Con la sezione dedicata a Monaco inizia anche il percorso espositivo Secessioni Europee. Monaco, Vienna, Praga, Roma. L’onda della modernità (a cura di Francesco Parisi), che si snoda nelle sale di Palazzo Roverella a Rovigo (fino al 21 gennaio 2018). Promossa dalla Fondazione Cassa di Risparmio di Padova e Rovigo, in collaborazione con il Comune e l’Accademia dei Concordi, la mostra è accompagnata dal catalogo (Silvana Editoriale) che approfondisce con attenzione filologica le diverse tematiche, esplicitando le relazioni tra letteratura / arti visive / musica, l’affermazione della grafica come linguaggio privilegiato e, in generale, l’attribuzione dello stesso valore al processo creativo di tutta la produzione artistica, sia le cosiddette arti maggiori (pittura, scultura, architettura) che quelle applicate: mobili, suppellettili, abiti, tessuti, accessori (di cui vediamo qualche esempio interessante, come il portapillole e l’astuccio portasigarette di Josef Maria Auchentaller, sedie e poltrone di Josef Hoffmann & Joseph Kohn che firmano anche la rara Sitzmaschine, Macchina per sedersi e, tra gli altri oggetti di straordinaria modernità, i vasi di Kolo Moser per la Wiener Werkstatte).

Altro tema condiviso è la visione della donna rappresentata come sirena-vipera o femme fatale anche quando c’è di mezzo il sacro, come nel dipinto bizantineggiante di Carl Strathmann (Maria, 1897) che il curatore Parisi associa al racconto Gladius Dei di Thomas Mann in cui il furioso protagonista «si scaglia contro la boutique di Bluthenzweig colpevole di esporre un dipinto della Vergine giudicato troppo moderno e scandaloso».
A proposito di icone femminili, l’opera a cui è affidata l’immagine della mostra di Palazzo Roverella è il dipinto di Klimt Amiche I (Le sorelle) (1907), un doppio ritratto proveniente dalla Fondazione Klimt di Vienna che nello sviluppo verticale evoca le stampe giapponesi: il dipinto fu esposto alla Biennale di Venezia del 1910, nella mostra personale dell’artista che ne sancì la consacrazione in Italia.
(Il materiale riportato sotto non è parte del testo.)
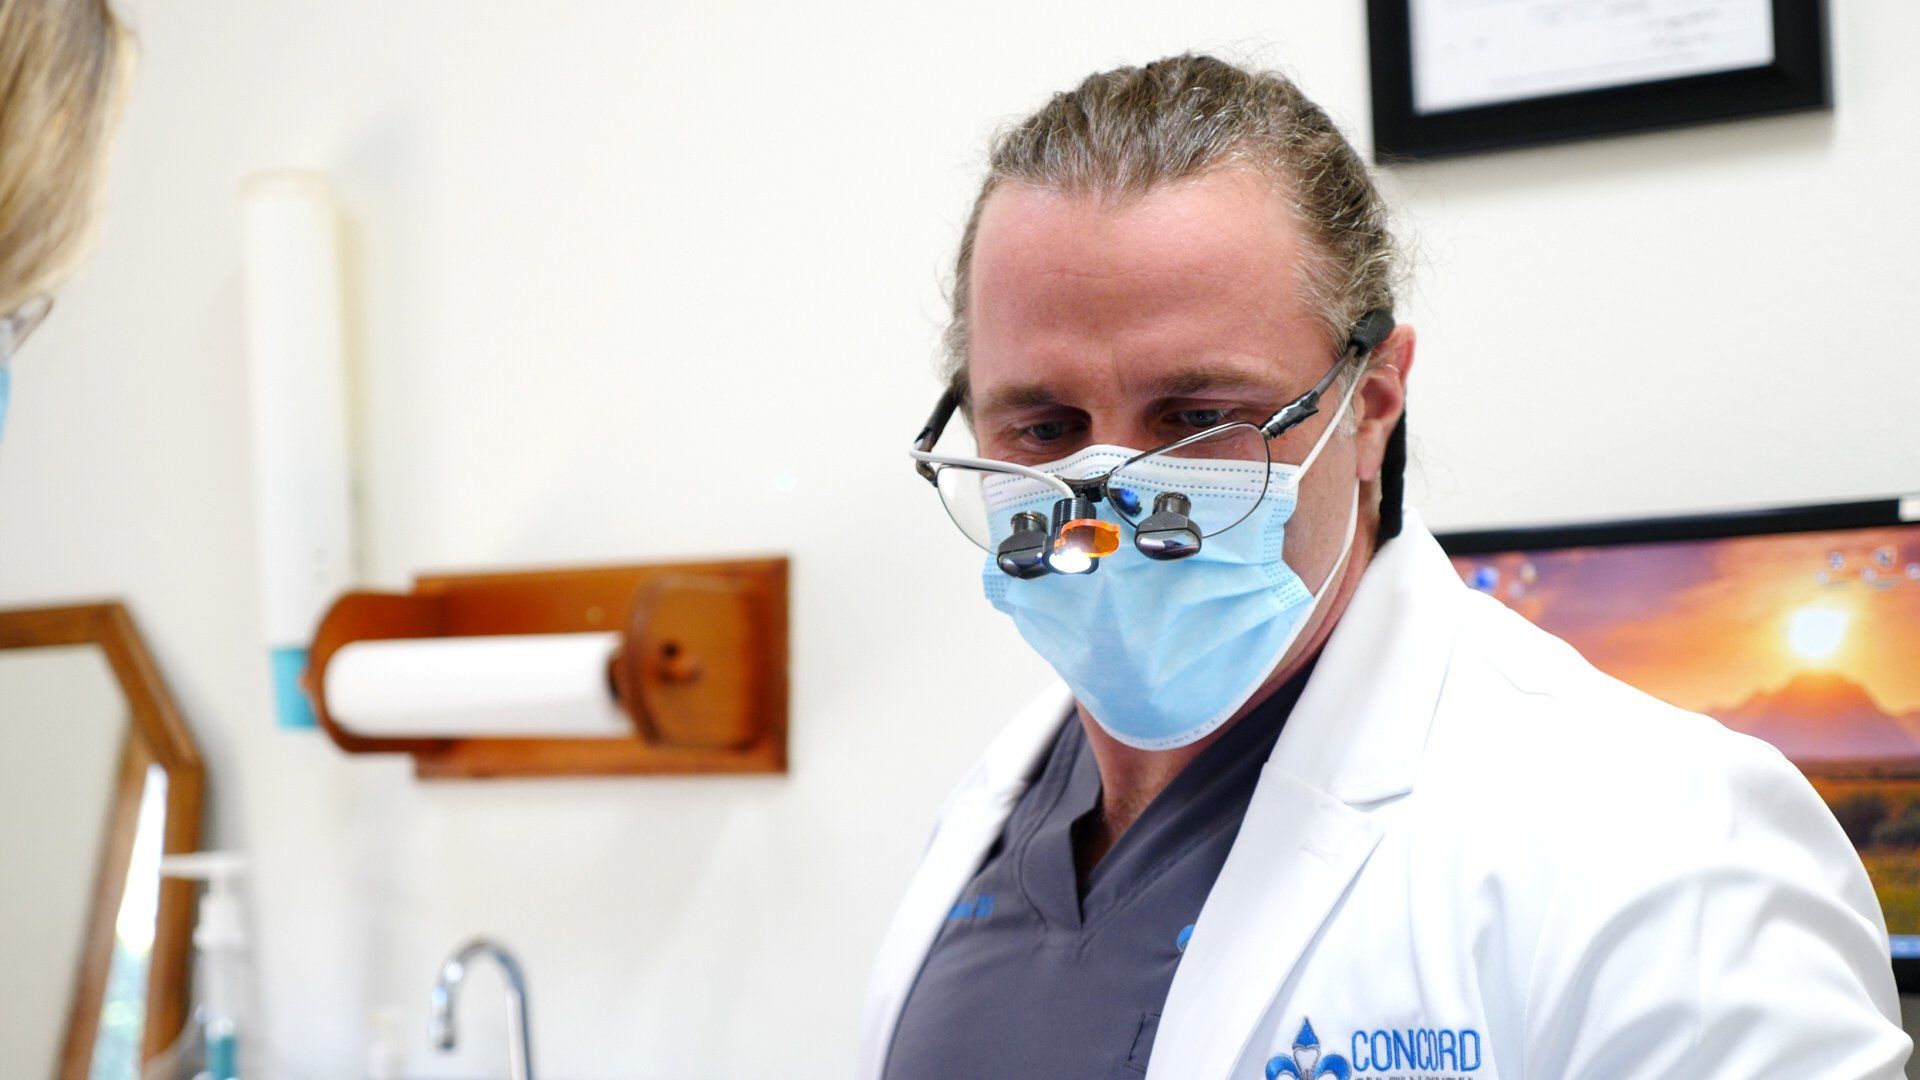 dental services Algiers la | Dentist in New Orleans working on patient

QUANTO ALL’INTERESSE per misticismo, magia ed esoterismo, esplicito nella poetica del cenacolo praghese del gruppo Sursum (veicolato attraverso la rivista Meditace su cui apparvero testi di grandi poeti, scrittori e intellettuali dell’epoca, tra cui Rimbaud, Rielke, Leppin) è un tema assai caro in particolare a Josef Váchal (di cui per la prima volta viene esposta in Italia una così nutrita quantità di opere provenienti per lo più da collezioni pubbliche come il Memoriale della letteratura nazionale di Praga e la Galleria della città di Praga) oltre che a Jan Konupek e Jan Zrzavý. Váchal, considerato l’erede di Bosch e Brueghel, è l’autore delle due interessantissime opere realizzate tra il 1904 e il 1907 a china, acquerello e pastello dal titolo Piano astrale (seduta spiritica) e Piano elementare (Piano delle Passioni e degli Istinti), in cui proietta paure e allucinazioni che tiene a bada attraverso la teosofia e lo spiritismo.

PIÙ ECLETTICO e ingarbugliato appare, infine, il panorama delle correnti secessioniste romane la cui Prima Esposizione Internazionale d’Arte della Secessione è del 1913, seguita da quelle del 1914, 1915 e 1916-17 (documentate dai rispettivi cataloghi), che include opere quali gli Studi per compenetrazione iridescente (Studi per il Manifesto della Secessione) di Giacomo Balla, Grazia Deledda di Plinio Nomellini, La cieca di Lorenzo Viani, Danzatrice Giavanese di Galileo Chini, Ada di Felice Casorati e, unica artista donna presente, Pasquarosa Marcelli Bertoletti con Interno di studio. Figlia di contadini di Anticoli Corrado, Marcelli Bertoletti era stata modella per numerosi artisti tra cui quel Nino Bertoletti che sposò. Cominciò a dipingere da autodidatta intorno al 1913: con cinque dipinti di matrice fauve partecipò alla III Esposizione Internazionale d’arte della Secessione Romana che, proprio in quell’edizione, vedeva una nutrita presenza al femminile che includeva Fillide (Filli) Giorgi Levasti, Leonetta Cecchi Pieraccini, Deiva De Angelis e Maria Grandinetti Mancuso.